Fictitious Data Injection Could Protect from Copyright Infringement in AI Training

Image provided by Pixabay

This post is also available in: עברית (Hebrew)

AI has been a revolutionary force in the past few years, and it’s only getting started. With the introduction of generative AI models such as ChatGPT, what used to be a tool reserved for advanced technology companies has now become an everyday commodity used by students to improve their schoolwork or couples trying to create the perfect itinerary for their next trip abroad. However, in order to achieve its powerful capabilities, vast amounts of training data are required. Some of this data is copyrighted and used by developers without the copyright holder’s consent.

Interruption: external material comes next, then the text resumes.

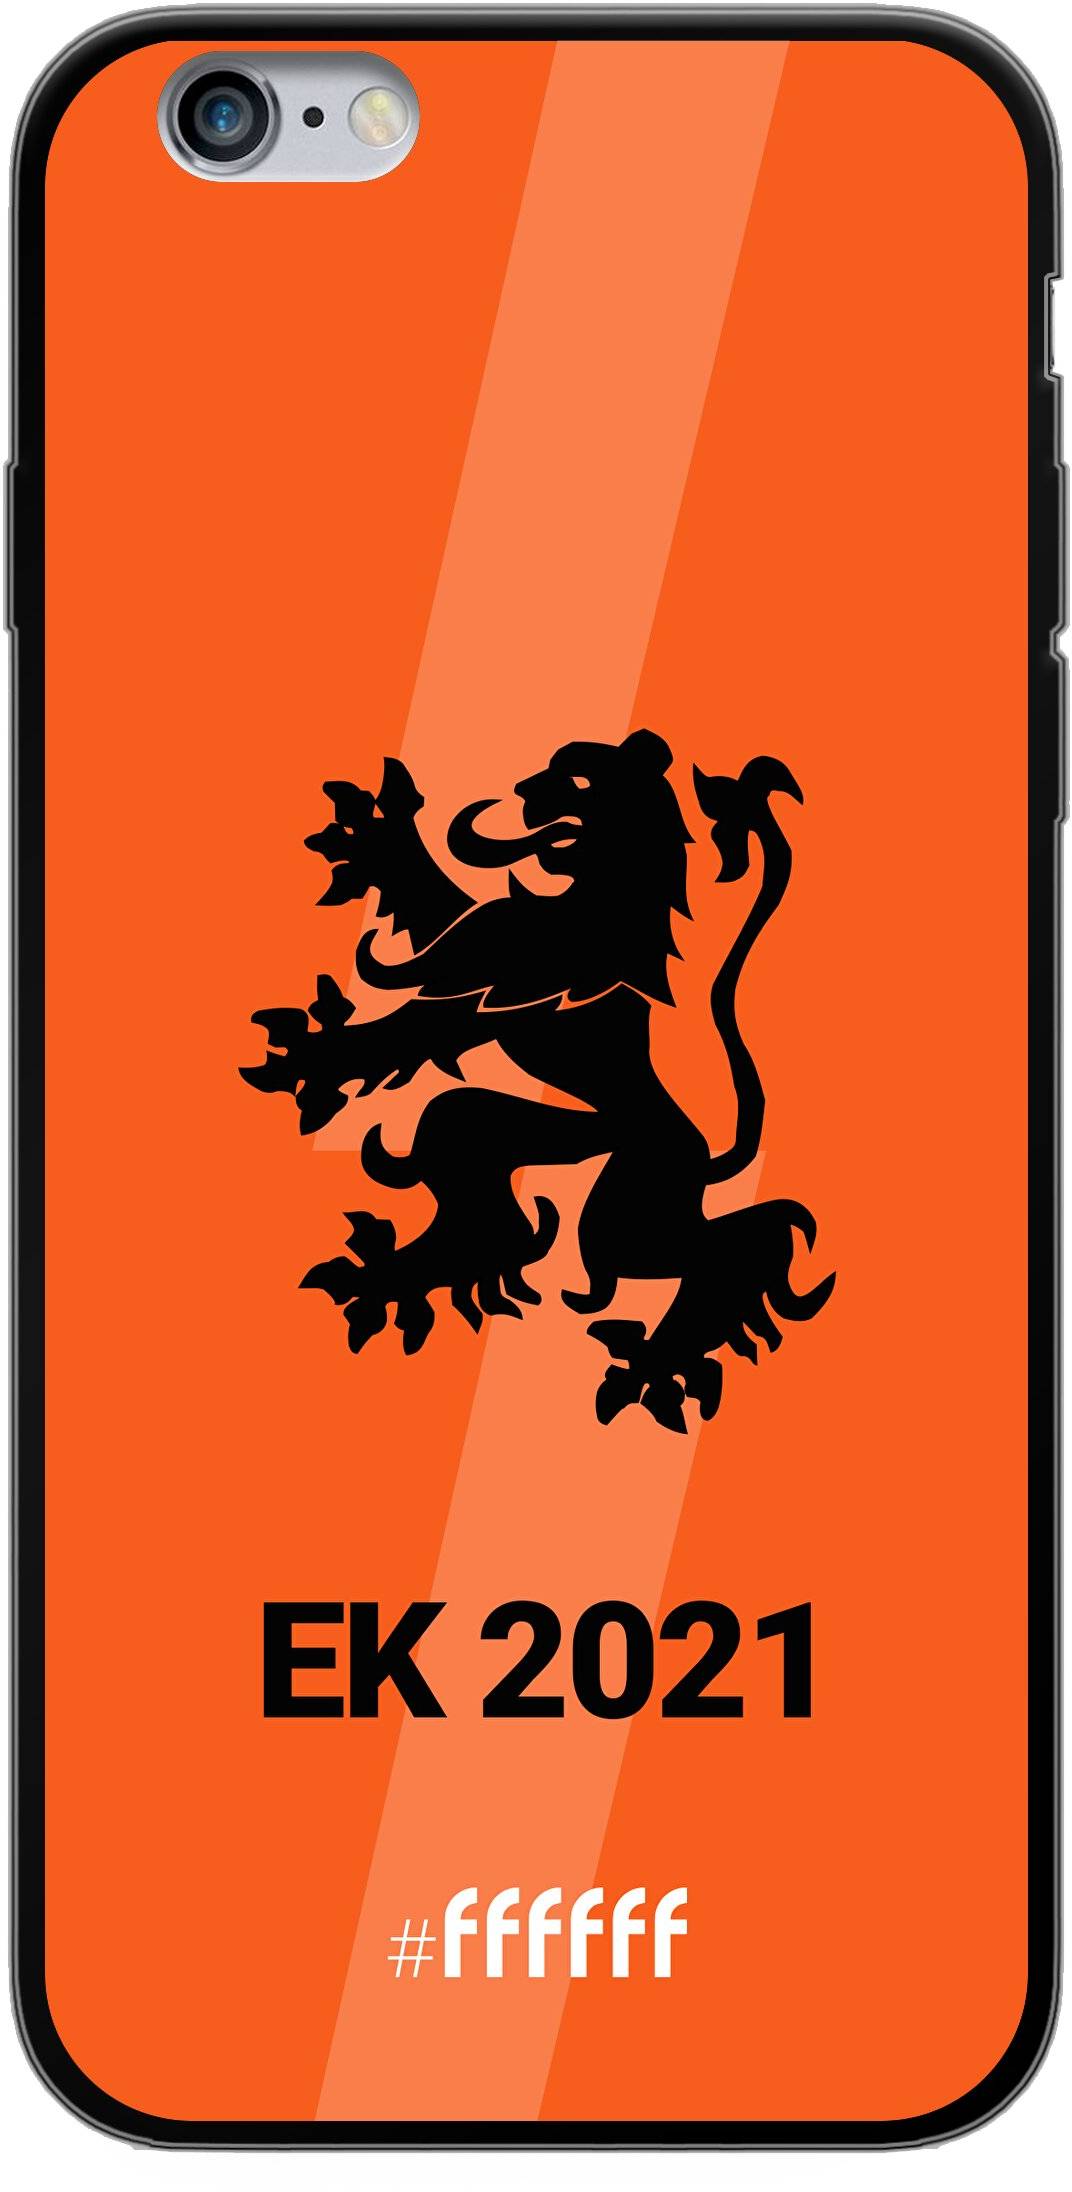 Nederlands Elftal - EK 2021 iPhone 6s
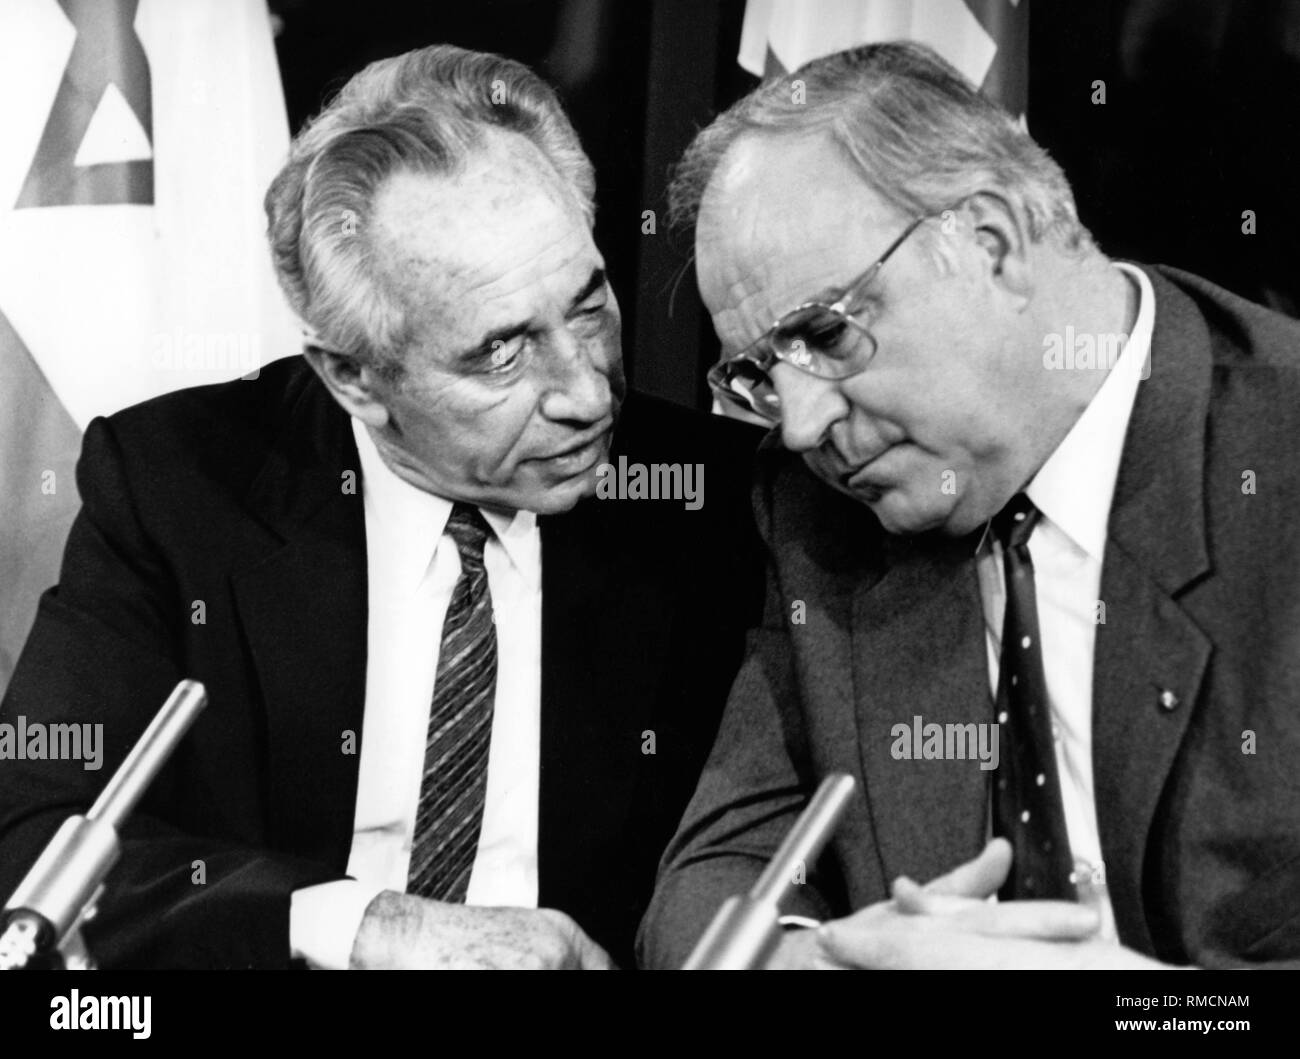 Le Premier ministre israélien Shimon Peres et l'Ouest chancelier allemand Helmut Kohl en conversation. Probablement au cours d'une conférence de presse. Banque D'Images

In order to curtail this issue, researchers from Imperial College London suggested a technique that could detect copyrighted data used for AI training. This mechanism is detailed in a paper posted on arXiv. According to TechXplore, the team took inspiration from early 20th-century map makers, who intentionally inserted fictitious places into their maps in order to spot illegal copies. Accordingly, they suggested the addition of “copyright traps” into the original copyrighted text, so that it could later be detected when it shows up on the trained LLM’s output, proving illegal use. This is best fitting for online content, where the copyright trap could be hidden from the user but still likely to be picked up by a data scraper.

However, the team explains that it is still possible for developers to avoid detection by creating ways to remove these traps. Therefore, they suggest varying traps and implanting them across many articles. They explain that removing all of them is likely to pose a significant challenge for developers, making it easier for creators to see when their data has been used without permission.

This “paper towns” theory was validated in a successful experiment the researchers conducted along with a team in France, that involved developing their own LLM and injecting numerous copyright traps into its training set.

The researchers hope that this research will incentivize LLM developers to be more transparent with the data they use for training, something they are currently reluctant to do. They believe that this way, authors who unknowingly contribute to LLM training will be properly compensated for their original work.